**WHAT YOU NEED TO DO:** Could the listing below be reproduced exactly, minus its pictures?

**DATASET EXTRACT:**
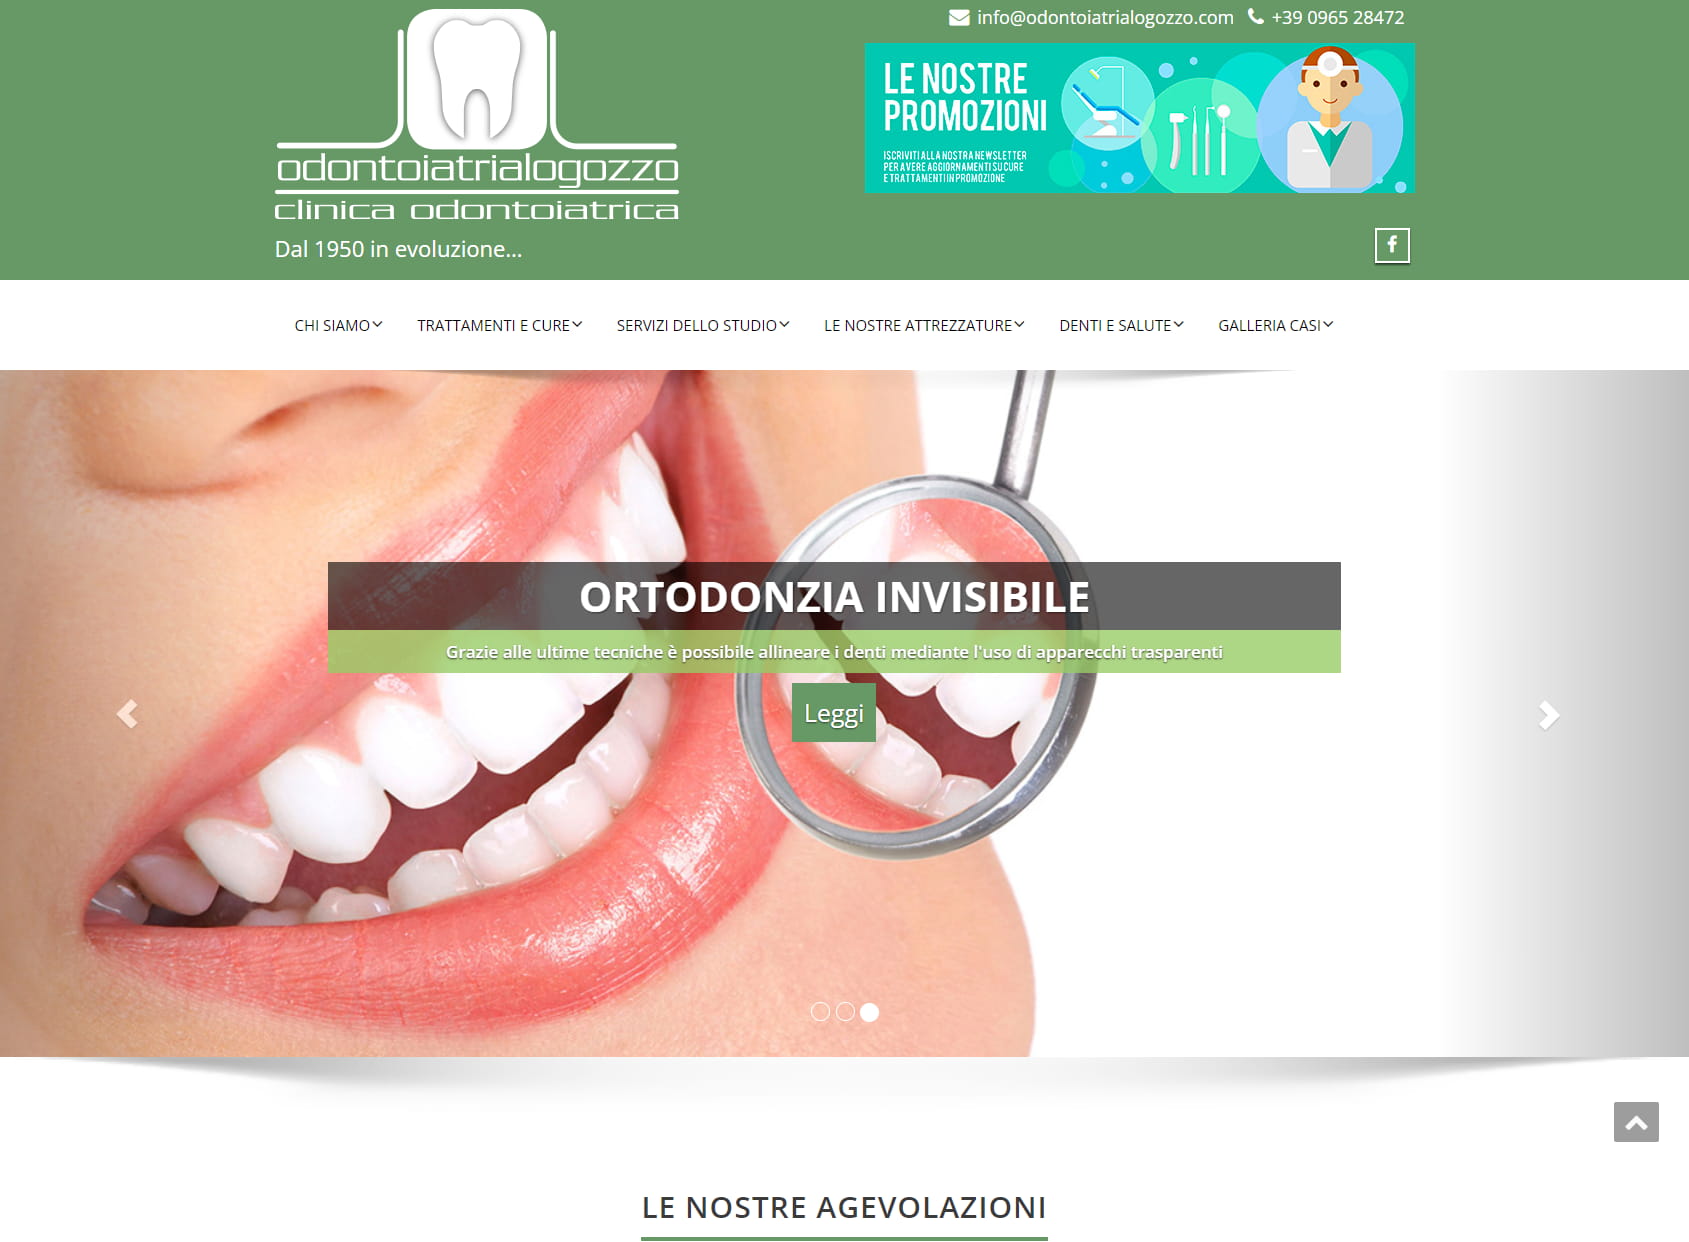 Clinica Odontoiatrica Logozzo
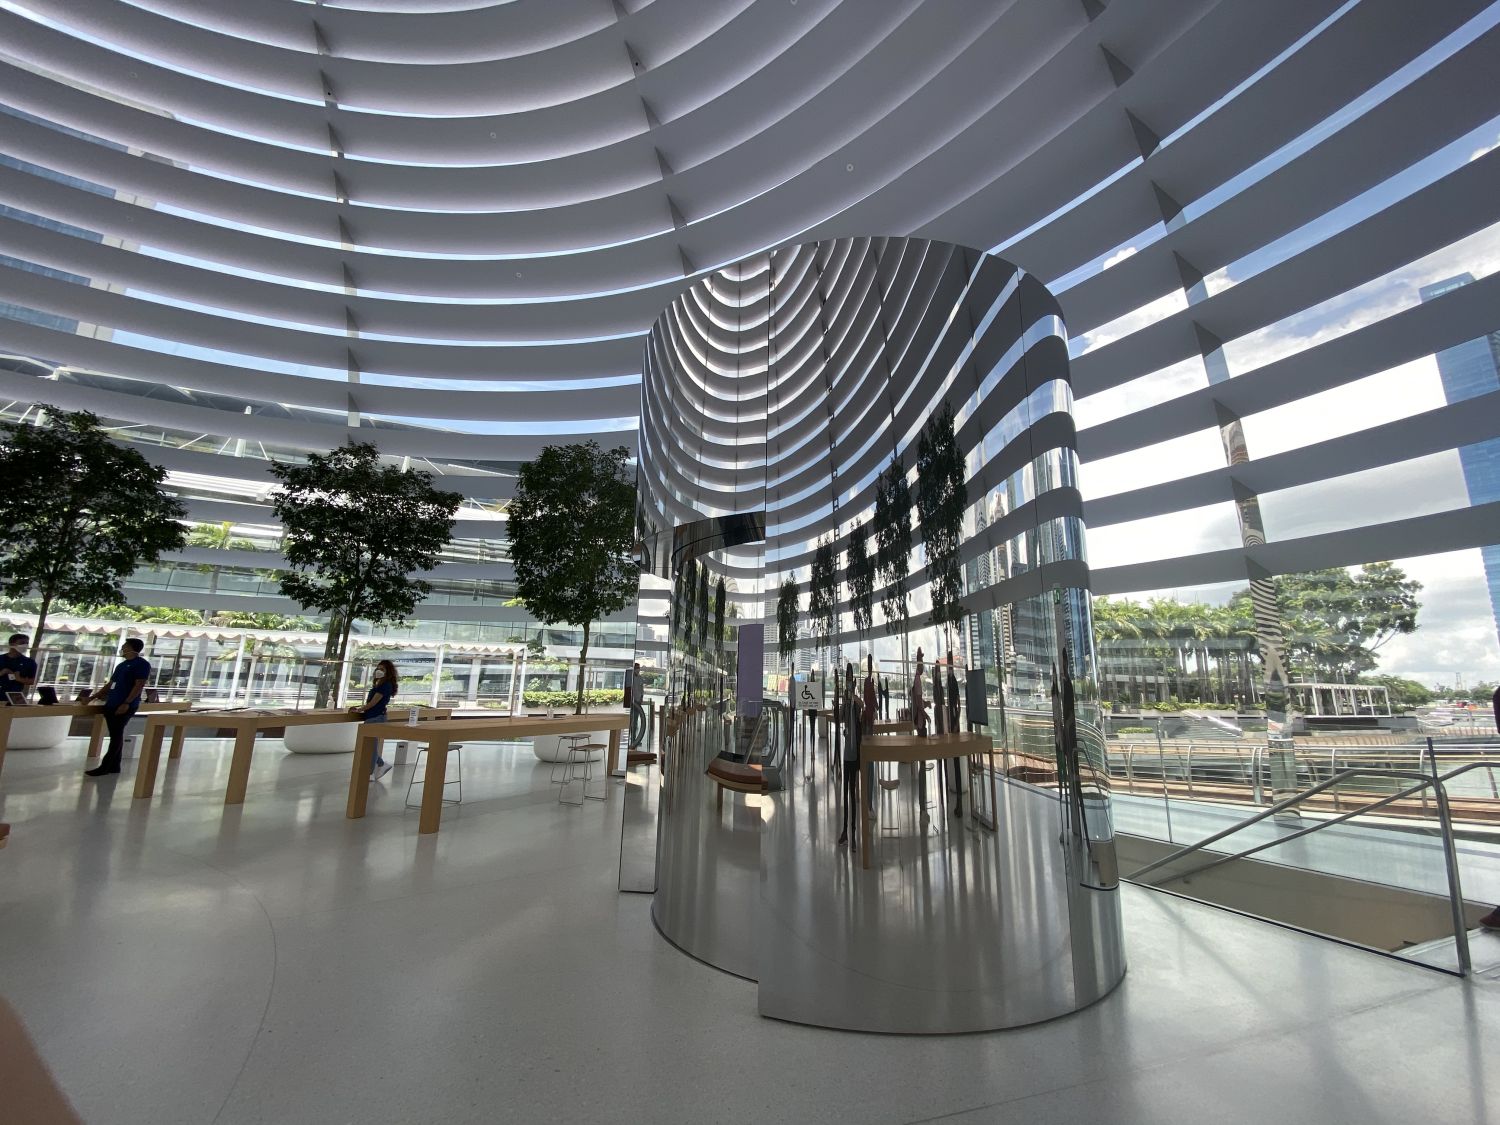 Inside Apple's Singapore Marina Bay Sands retail store
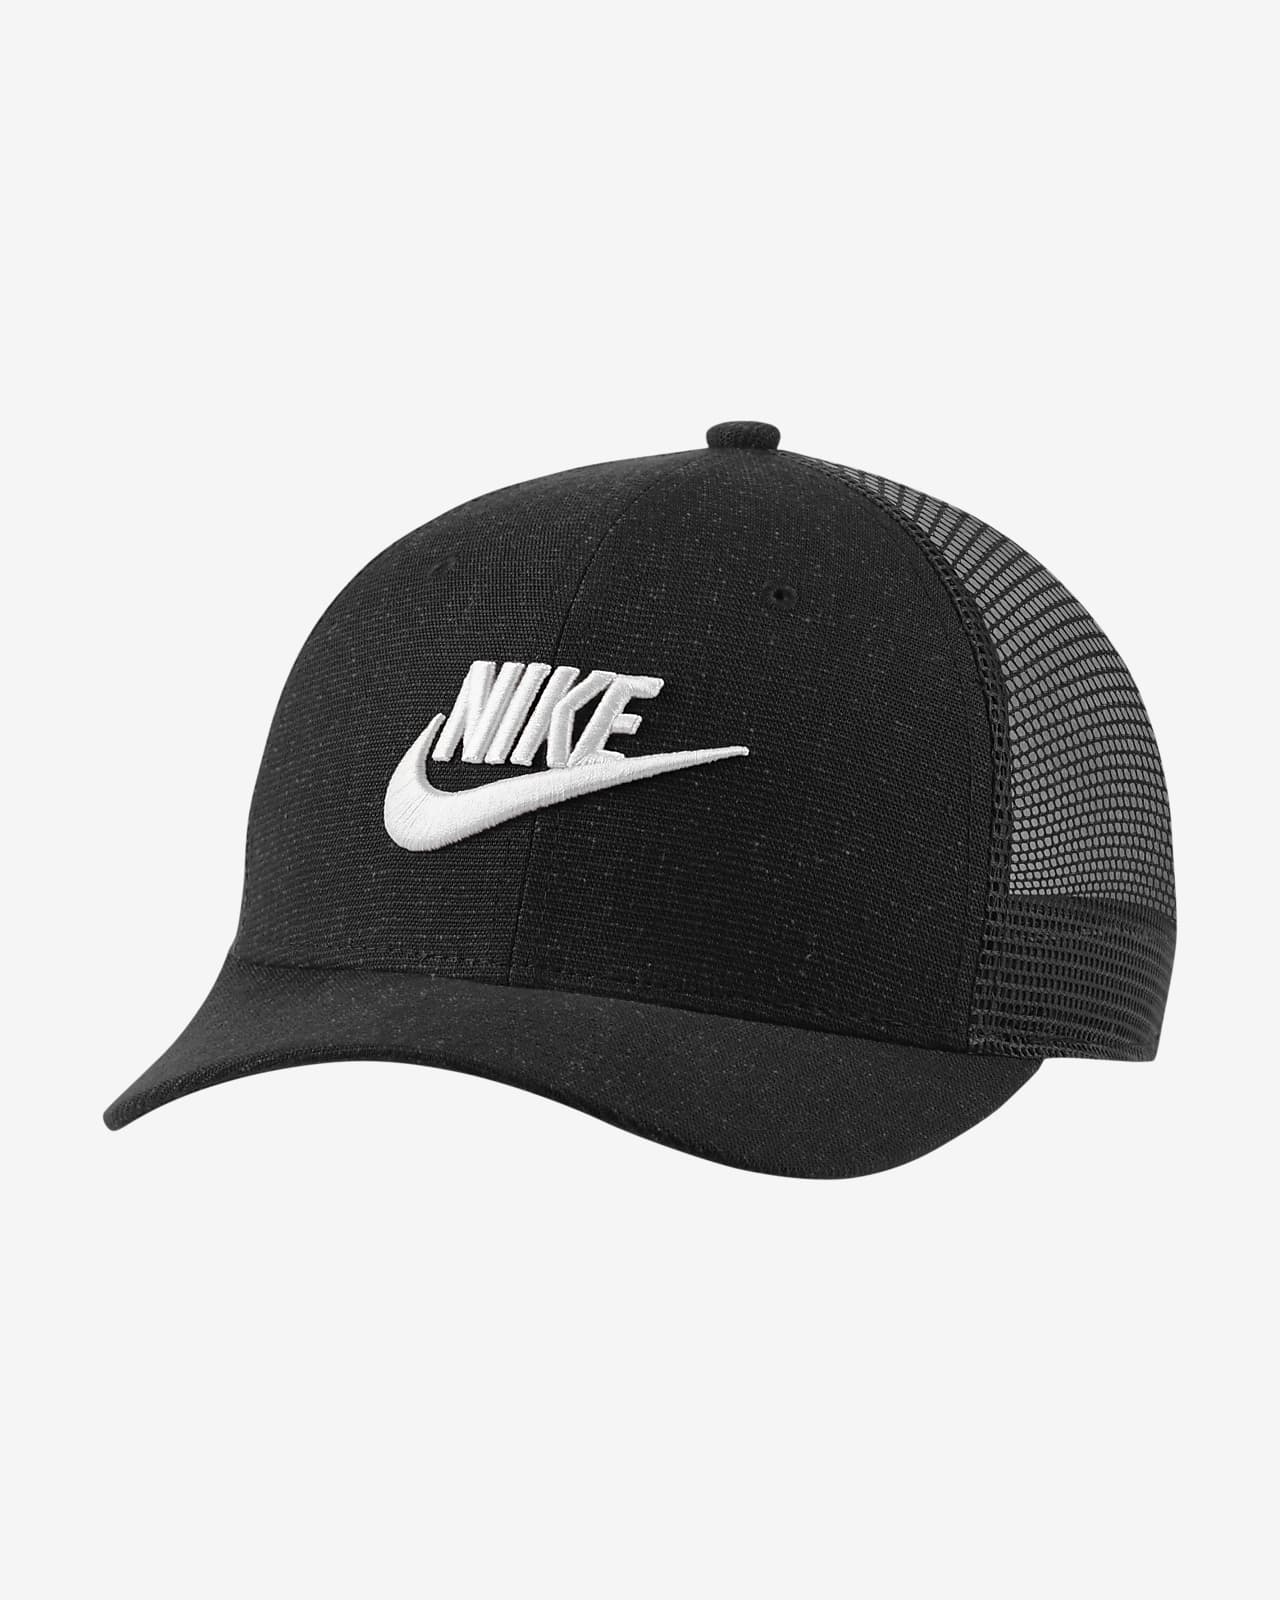 classic 99 nike hat
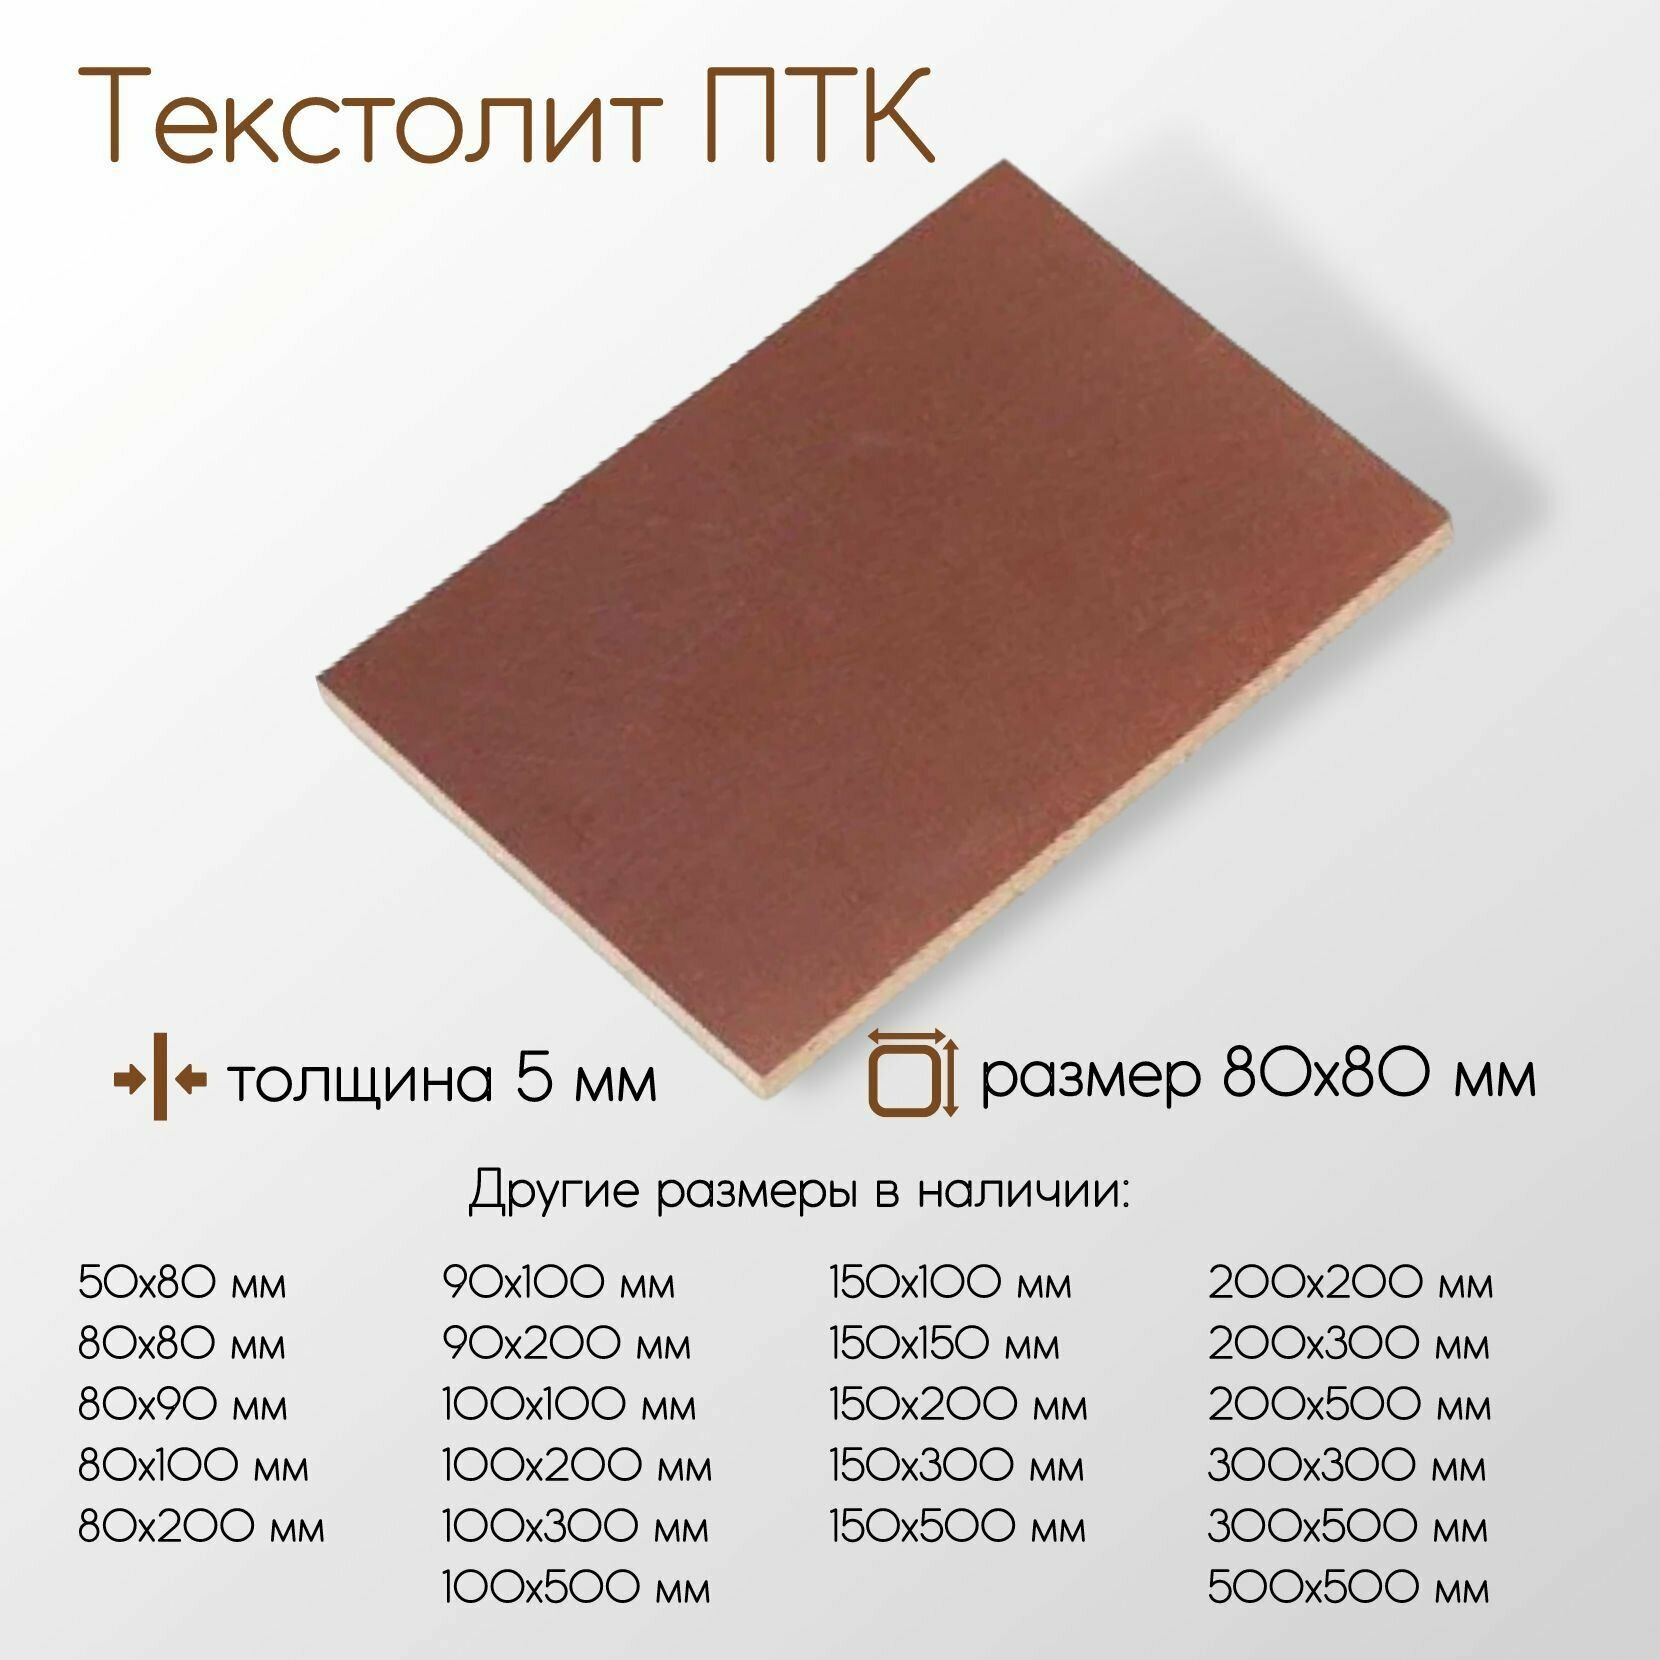 Текстолит ПТК лист толщина 5 мм 5x80x80 мм

**RESPONSE:**
 Clinica Odontoiatrica Logozzo
 Inside Apple's Singapore Marina Bay Sands retail store
 classic 99 nike hat
 Текстолит ПТК лист толщина 5 мм 5x80x80 мм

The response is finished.